Meet two researchers using smart sensing technologies to tackle climate challenges

On International Day of Women and Girls in Science, we celebrate two emerging researchers who are using smart sensing innovations to help solve climate and environmental challenges, from Antarctica to Australian farms.

Cassie Newman, PhD Student at Securing Antarctica's Environmental Future and University of Wollongong

My PhD research investigates how water availability shapes where photosynthetic life can survive in Antarctica and how resilient it may be as the climate changes.

In one of the coldest and driest environments on Earth, life depends on a very short summer window when ice melts and liquid water becomes available.

Understanding where this water flows and which ecosystems it supports helps explain why photosynthetic organisms grow in some places but not others.

This research uses smart sensing technologies, including satellite imagery, UAV data, digital elevation models, and multispectral and hyperspectral sensors to map surface moisture, terrain, and vegetation condition without disturbing fragile environments.

Antarctica is changing rapidly and understanding how its ecosystems respond matters far beyond the continent itself.

This research is driven by a desire to better protect some of the most vulnerable and least disturbed environments on Earth.

This research is driven by a desire to better protect some of the most vulnerable and least disturbed environments on Earth. Being part of a research community led by inspiring scientists at the University of Wollongong and within Securing Antarctica’s Environmental Future has reinforced the importance of collaboration, mentorship, and investing in diverse voices in science. 

LEFT: Cassie carrying a drone in Antarctica.
MIDDLE: Drones are used to help map surface moisture, terrain, and vegetation condition without disturbing fragile environments.
RIGHT: This MSAVI (Modified Soil Adjusted Vegetation Index) image showing classified ground cover in Antarctica. MSAVI is a key remote sensing tool used to map and classify vegetation in Antarctica.  
All images supplied

Dr Wartini Ng, research fellow at Sydney Institute of Agriculture and School of Life and Environmental Sciences, University of Sydney

My research focuses on developing a soil carbon measurement technology which allows carbon stocks to be assessed quickly and at much lower cost.

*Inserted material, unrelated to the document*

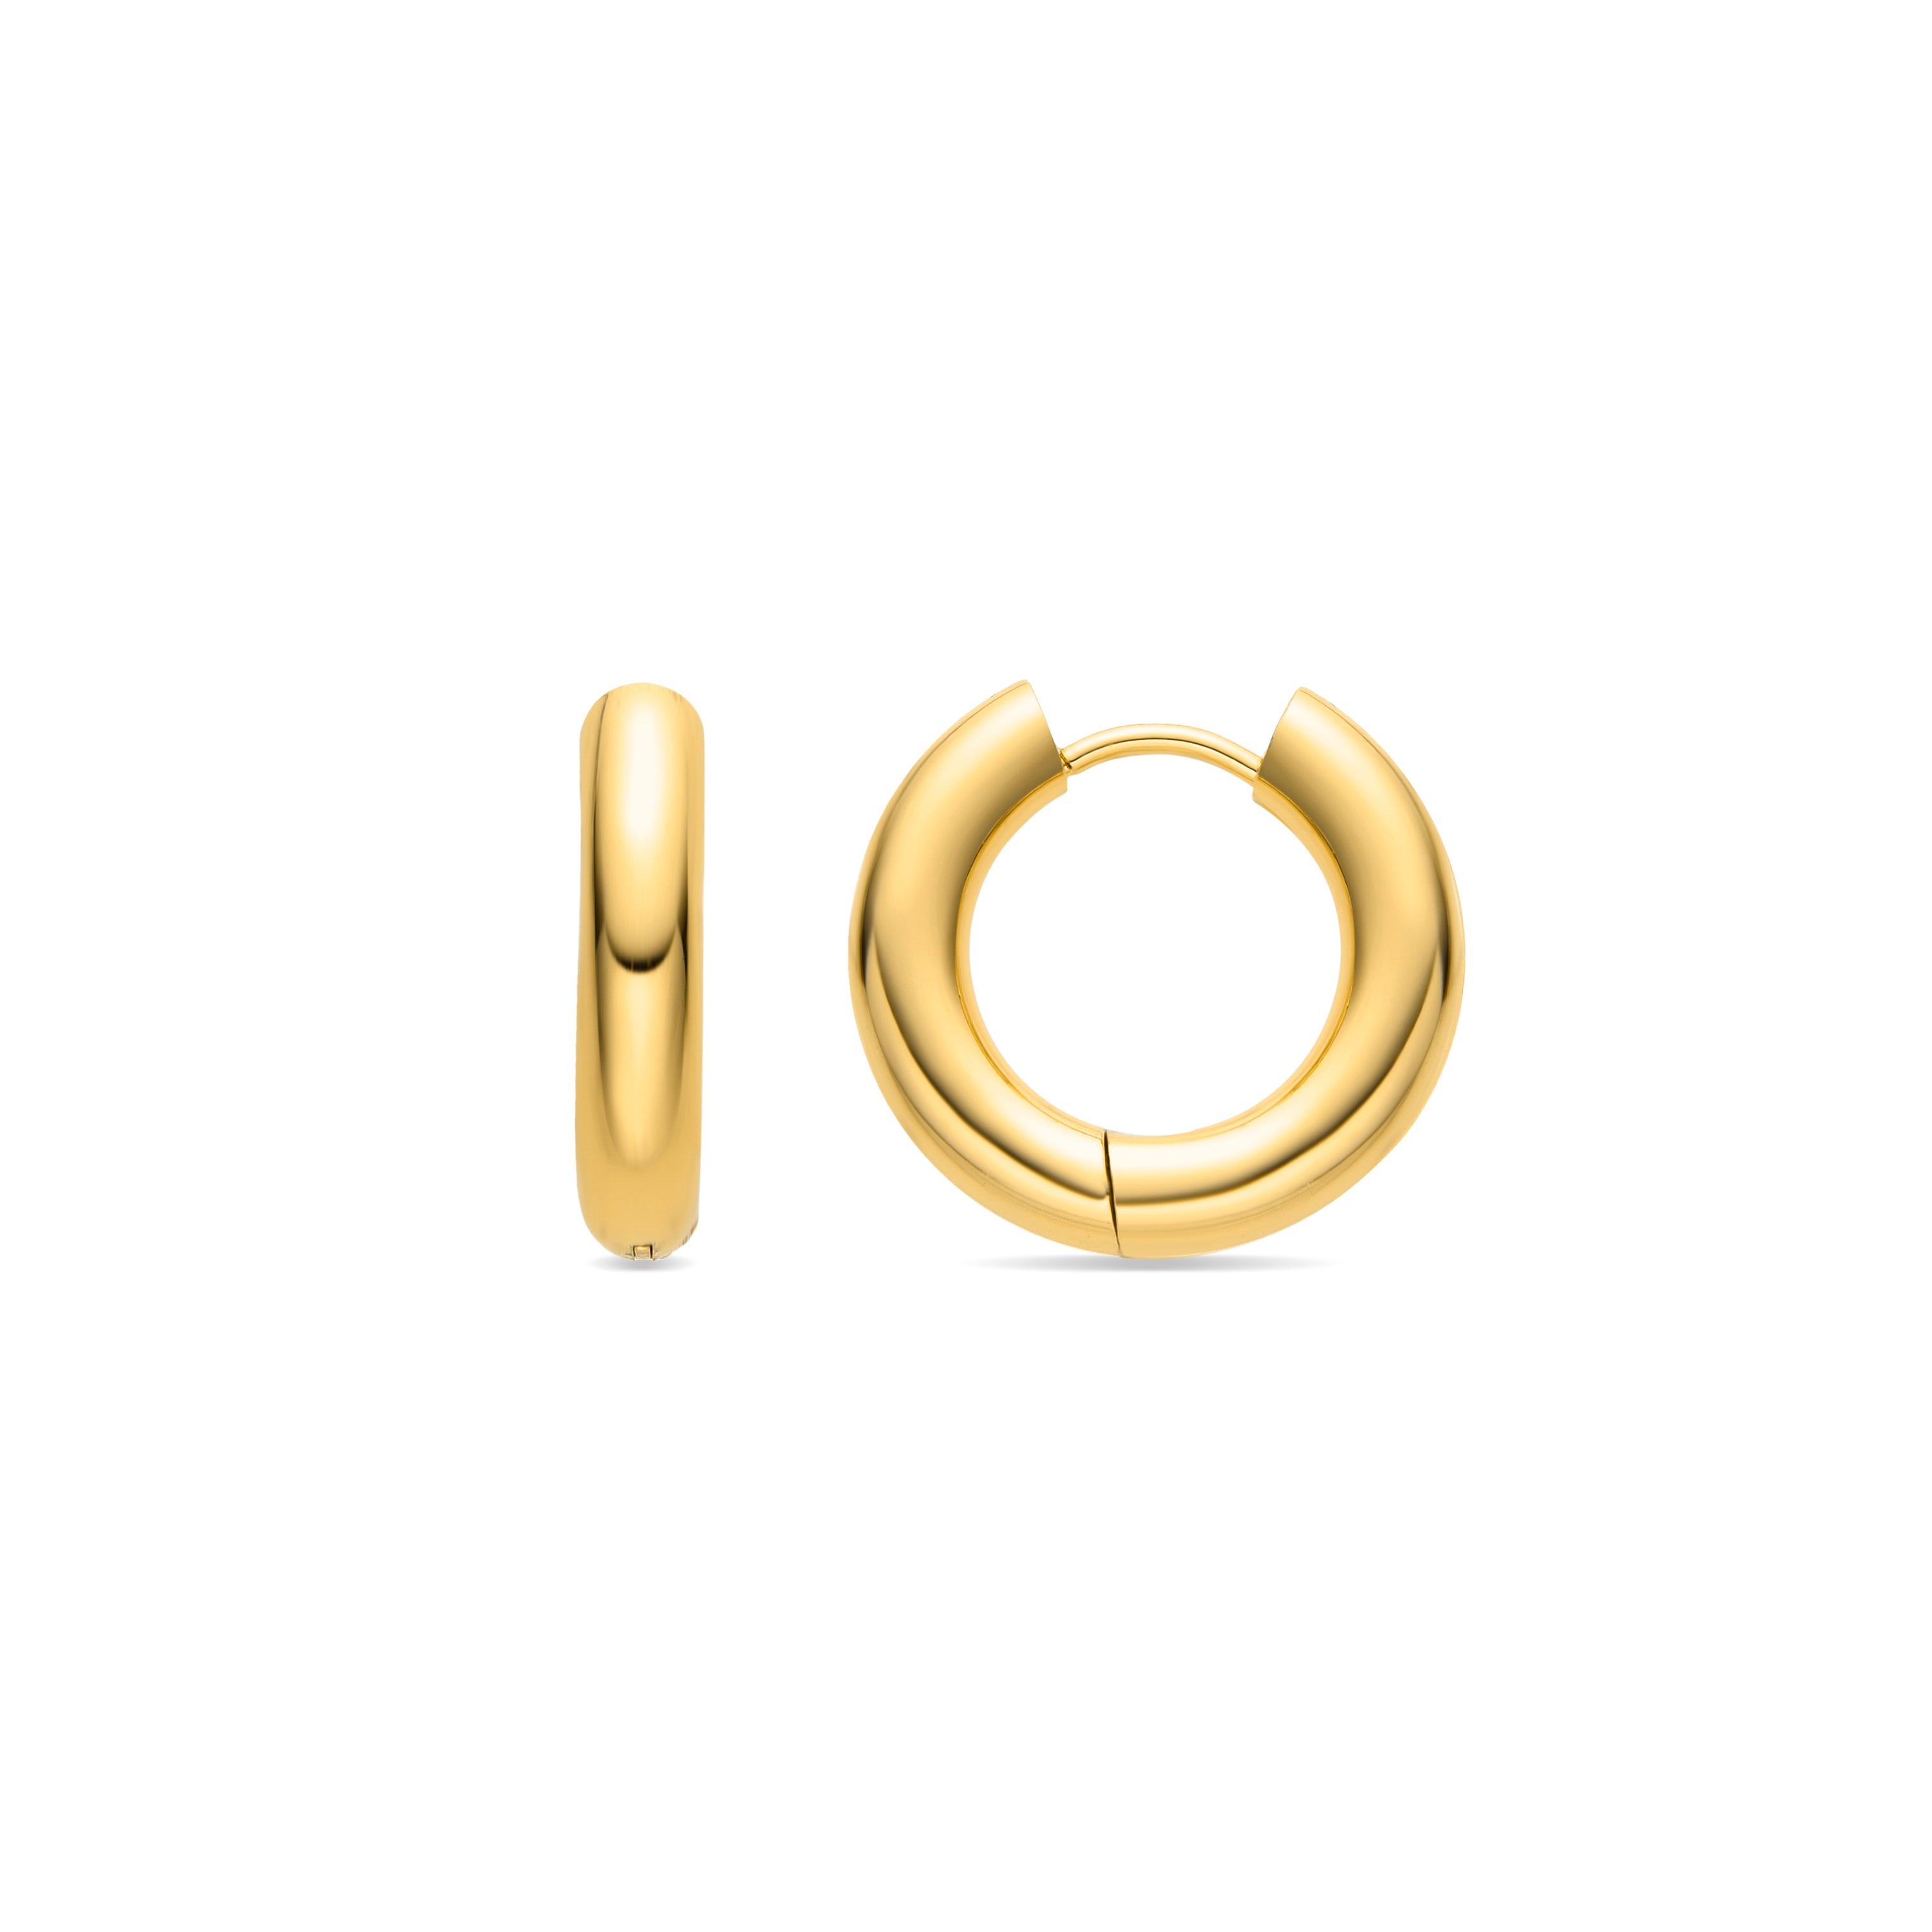 Helali earrings 18k yellow gold finish
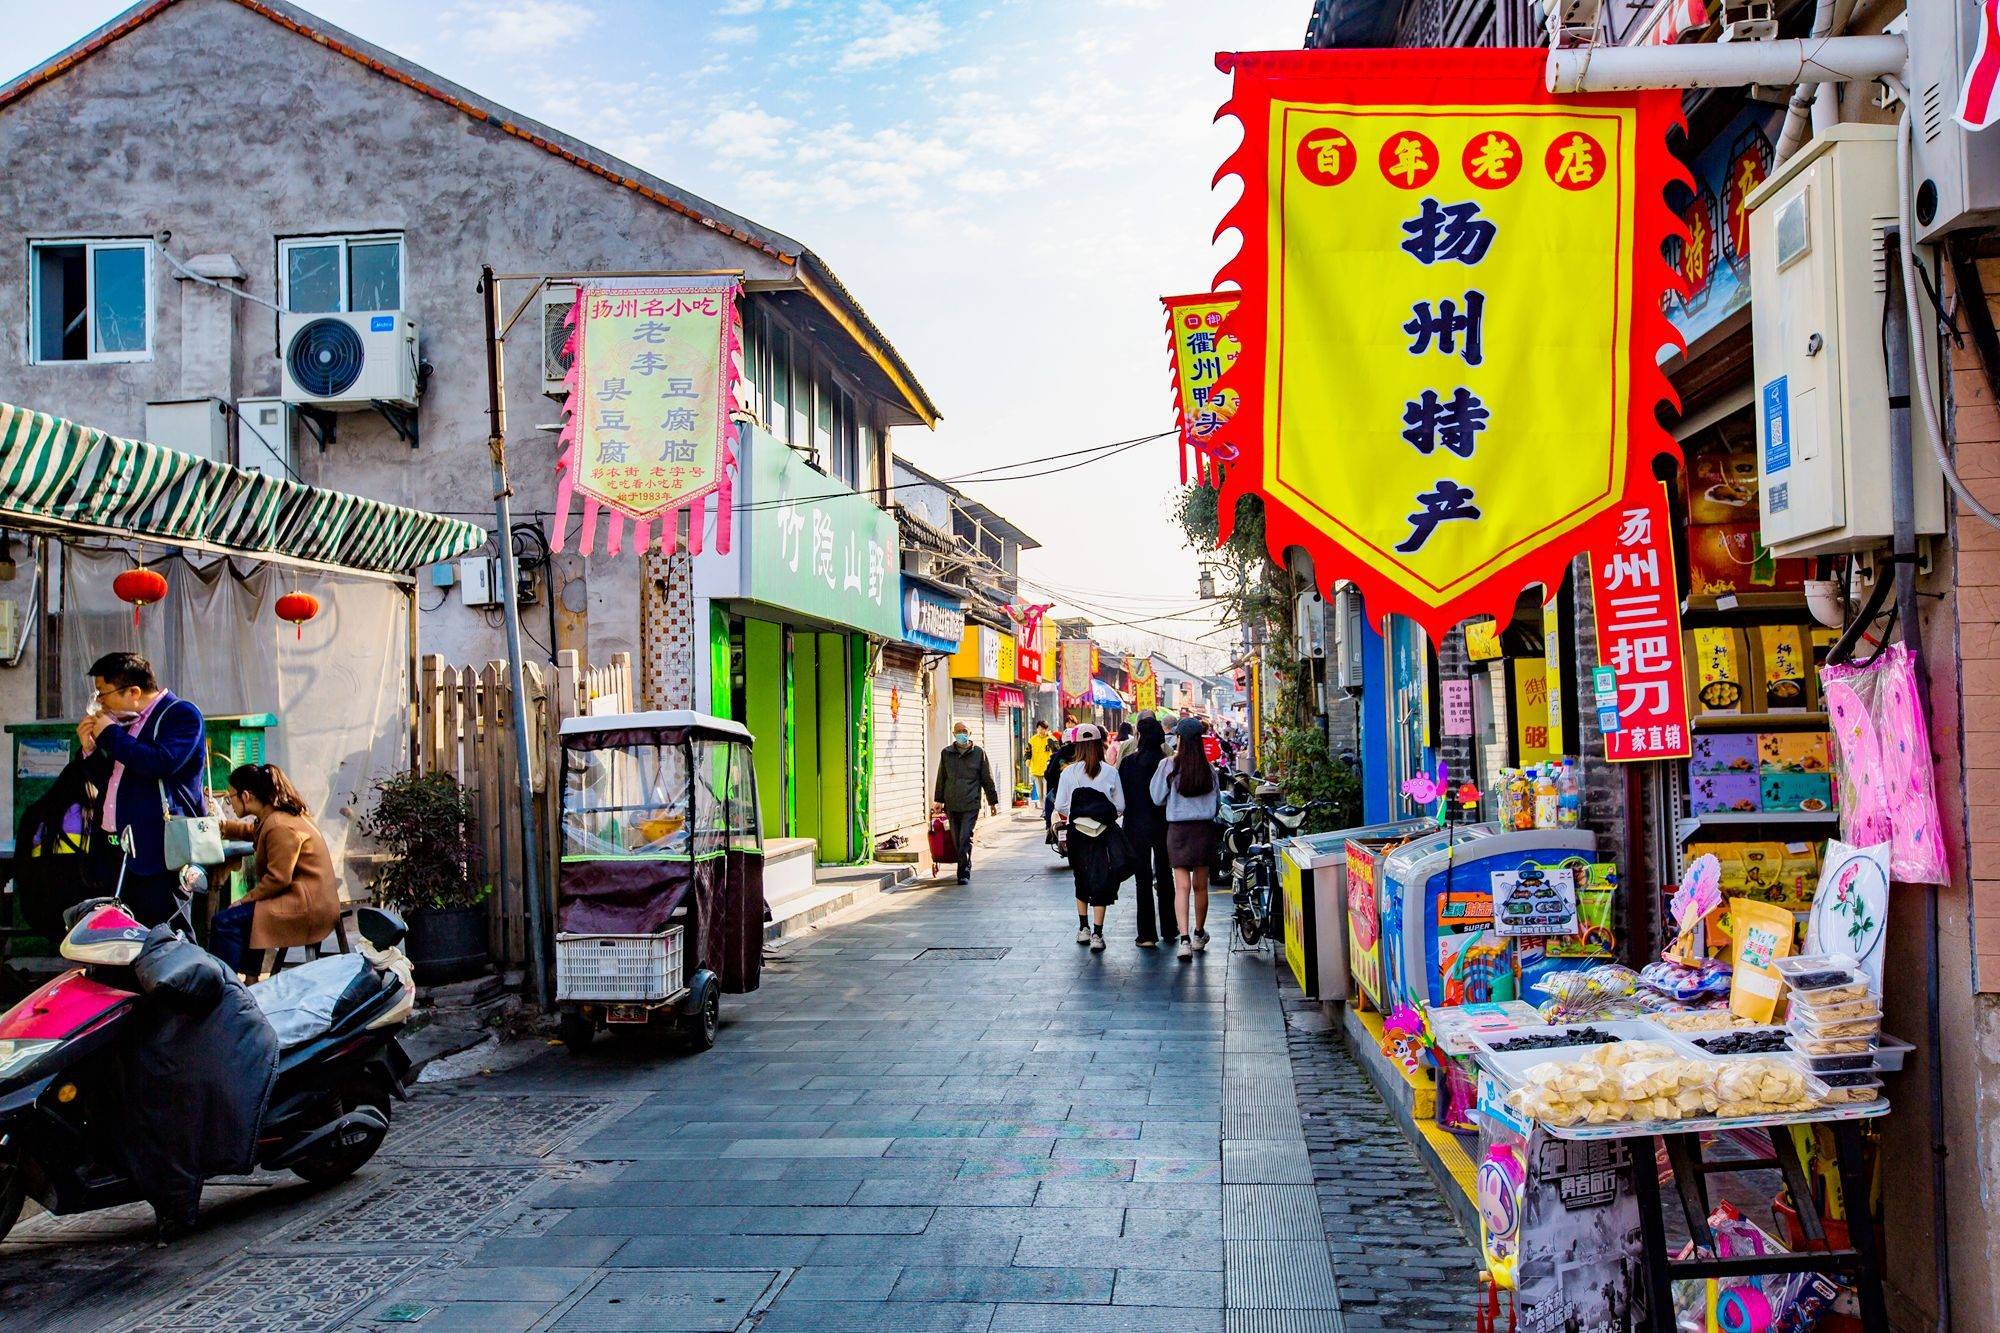 扬州彩衣街,建于明清时期的宝藏老街,沉淀着扬州人最钟爱的味道

At present, soil carbon measurement relies on laboratory testing, which can take weeks and cost hundreds of dollars per sample. This creates a significant barrier for farmers who want to monitor soil health or participate in carbon markets.

The proposed technology integrates several sensors into a single field-based system.

An optical sensor estimates soil properties, a moisture sensor measures water content, and a depth sensor records sampling depth.

A spatial sampling strategy identifies the most informative locations across a farm, based on expected soil carbon levels and their variability.

Data from all sensors are combined and analysed in real time using a machine-learning model to estimate soil carbon content at each measurement point which are then integrated to calculate total soil carbon stocks across the property.

Remote sensing data are also incorporated to reduce estimation variance and improve overall accuracy.

The entire process occurs in the field and delivers results within minutes, replacing laboratory workflows that previously took weeks.

Soil carbon plays a key role in achieving net-zero and nature-positive agriculture while also supporting farm productivity.

By making soil carbon measurement faster, more accessible, and more affordable, this technology enables Australian farmers to verify sustainable land management practices, engage with carbon markets, and contribute to broader climate and environmental objectives.